Creating Social Value Blog / Corporate Social Relevance

Creating an Ensemble Educational Experience

ensemble educational experience

Since its inception, The Lewis Institute recognized that leading our community through the journey of creating economic and social value simultaneously was going to take a team of teams. And with the right team of teams, we could design an Ensemble Educational Experience both inside and outside the classroom.

How do you begin building an Ensemble Educational Experience in the classroom? You begin with who you know, who you are influenced by, and those with whom you have cultivated a strong relationship over the years. Then you scan the landscape for those individuals who have deep experience in creating social value and social impact. Whether they are practitioners and influencers in moving companies from Corporate Social Responsibility to Social Innovation, or starting a social enterprise, or solving some of the world’s thorniest societal dilemmas, collectively they have decades of experience in leading conversations, influencing social change, and taking action.

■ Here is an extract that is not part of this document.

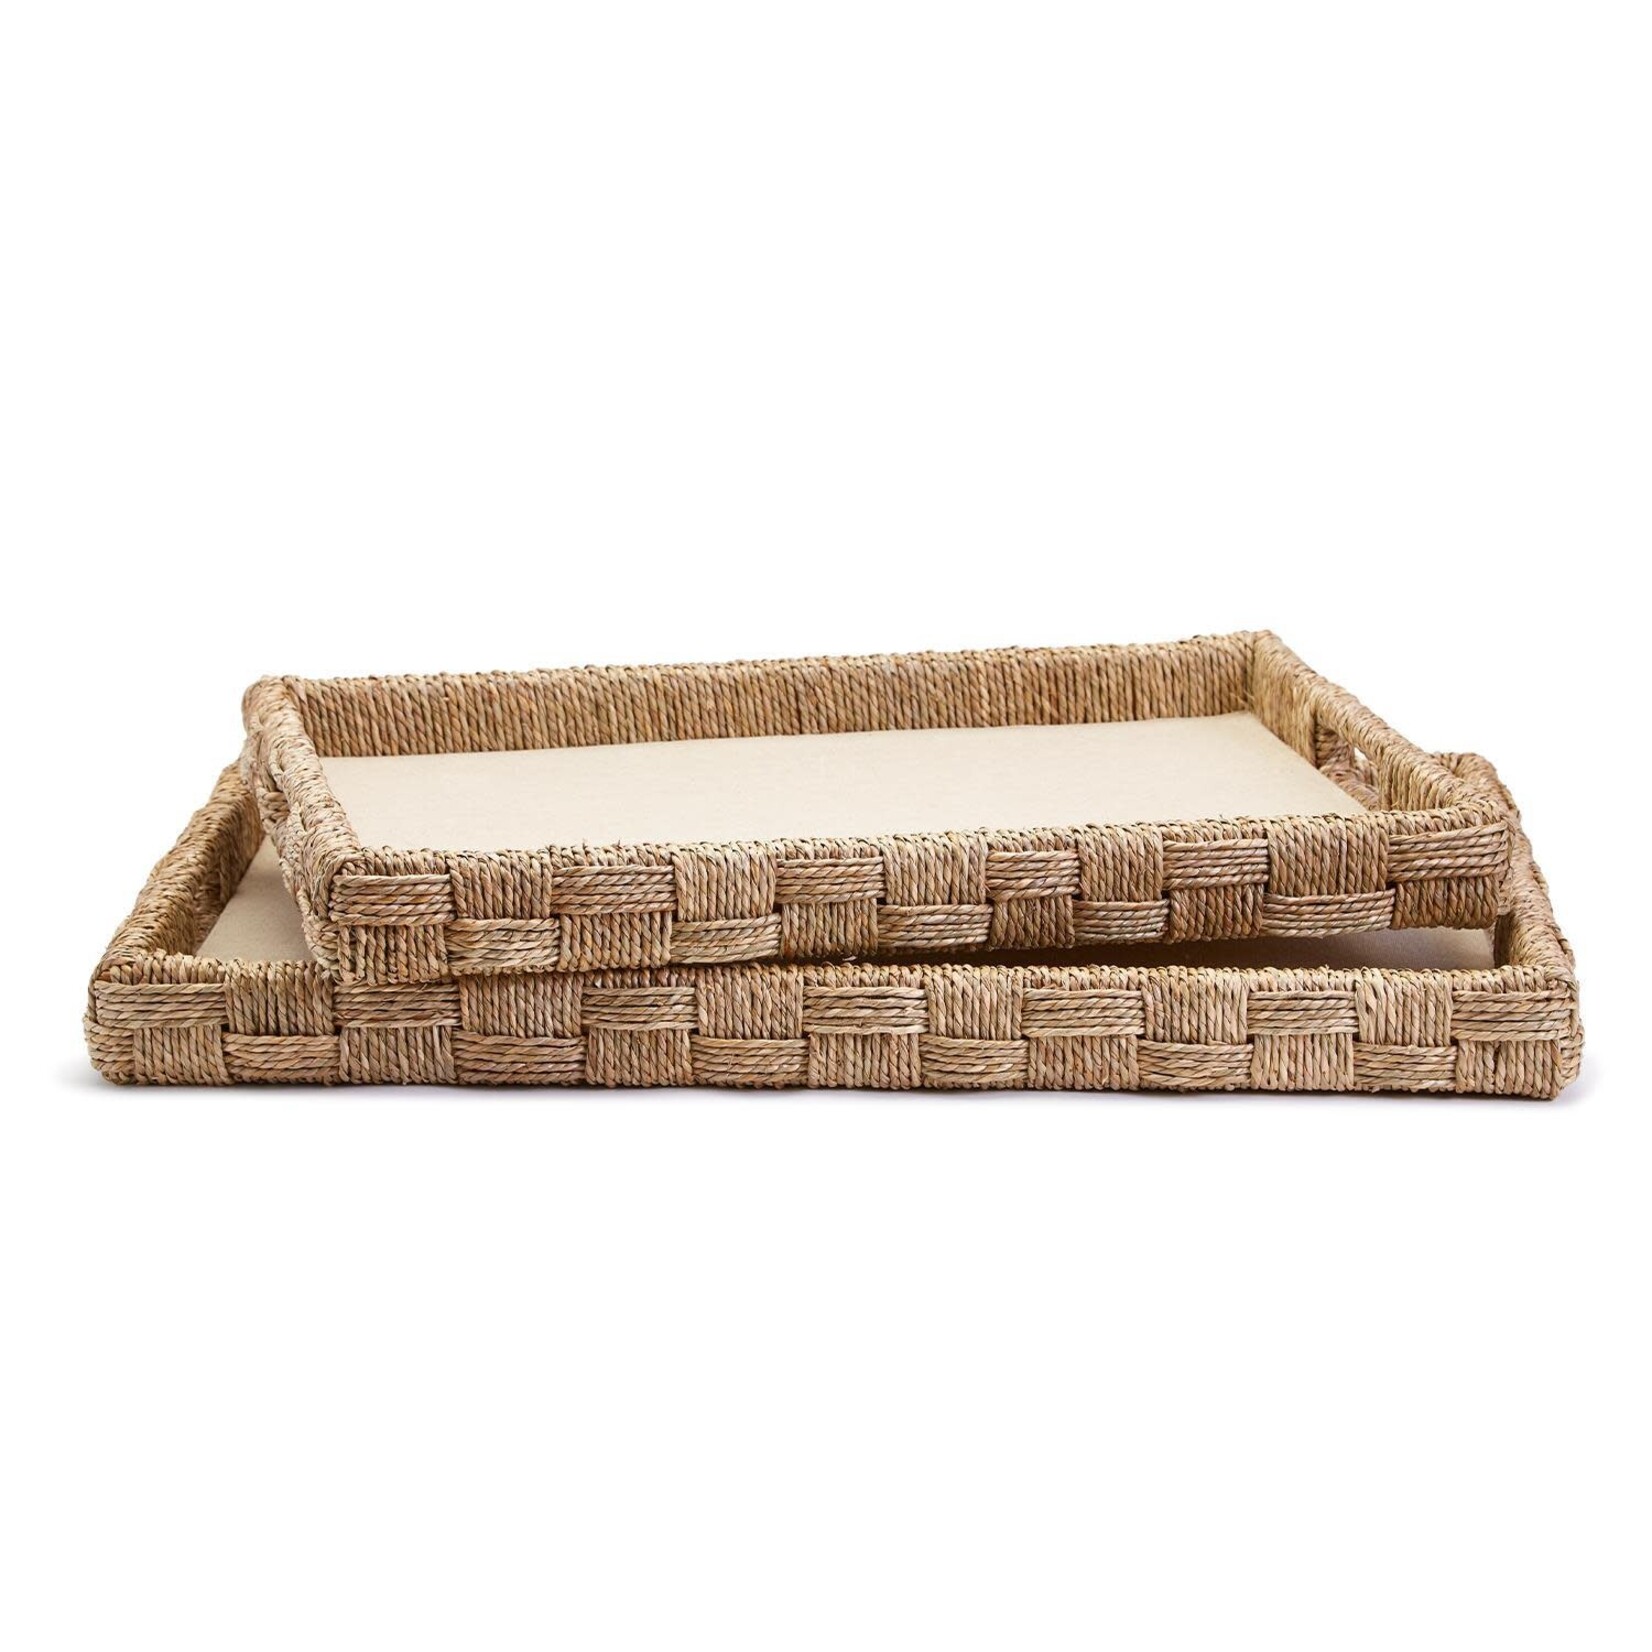 Outside The Box 20x13 Natural Hand-Crafted Sea Grass & Rattan Square Tray

They are consultants, educators, social innovators, entrepreneurs, designers, and leaders in policy and the social sector. Most importantly, they are all effective at challenging the status quo. They are change leaders in the domains of sustainability, social design, corporate responsibility, public policy, and the UN Global Goals. These folks are Babson’s Senior Fellows in Social Innovation and Entrepreneurs in Residence at The Lewis Institute. Babson is honored and privileged to have them affiliate with us and provide enormous value to our expansive community.

Our MBA Intensive Elective called “Leading for Social Value” was an Ensemble Educational Experience, co-delivered with five Senior Fellows in Social Innovation along with five corporate executives who brought real and relevant challenges into the classroom. These challenges focused on current struggles inside of each company where our corporate guests might benefit from additional mindsets and skillsets in thinking through solutions.

In designing the course, we understood that traditional teaching cases were insufficient in portraying the real grasp of how messy and hard it is to lead strategic and aligned social innovation efforts inside organizations. We brought the Educational Ensemble Experience into the classroom to help frame the big notion of creating economic and social value simultaneously, and to help map to our stated learning outcomes.

At times, there were solo performances by company executives helping us better understand the company, its culture, and its context. Then there were times when we performed more like a jazz quartet, where Senior Fellows jumped in to share experiences, tell stories, ask questions, and share failures – all in real-time reaction to whatever arose in the classroom at a particular moment, and all in an unpredictable and powerful way.

Living With Ambiguity

After the first day, students were activated and already living with the ambiguity that comes with navigating social value creation inside organizations. In addition to our corporate guests and challenges, we provided frameworks for anchoring how a company creates and measures actual ROI for its social value creation initiatives and metrics, and cultivated many opportunities for “Conversations Unplugged” with our Senior Fellows. These were designed to help our students get as much understanding as possible of how to create social value in order to jumpstart their thinking and help them create their final presentations to be delivered to those corporate executives next month.

When you are teaching highly ambiguous information, static cases are good, just not good enough. Living cases provide more texture to understanding the content and seeing what the journey is really like from the people who live with the ambiguity every day. In the end, creating Ensemble Educational Experiences is a bit riskier and more unpredictable, but a lot more engaging, fun, and probing on multiple levels. Here are a few rules that we applied for creating this kind of journey around social value creation:

  1. Start the class with a clear conceptual framework on what Social Value Creation is and how the remainder of the class will fit into that framework.
  2. Choose your ensemble wisely, as your creators must play well with others as well as play off of others.
  3. All participants, including the students, must understand that this is not a usual classroom design. This is a journey.
  4. All content and conversations happen under the Chatham House Rules so that company executives and Senior Fellows can share stories freely without fear of attribution or unexpected social media comments.
  5. Everyone agrees to the desired learning outcomes for our students and the expectations for everyone to be co-creators of the content.
  6. We ask that people bring their experiences, knowledge, and most importantly, their creative energy as it is the creative energy that makes the class really sing.

In the end, while a lot is left to the curation and facilitation of multiple players, this approach elicited such rich knowledge in so many different ways from each of the participants. It became a highly engaging learning journey. All I can say is trust the process, trust the people, and lean into the unknown. Have fun!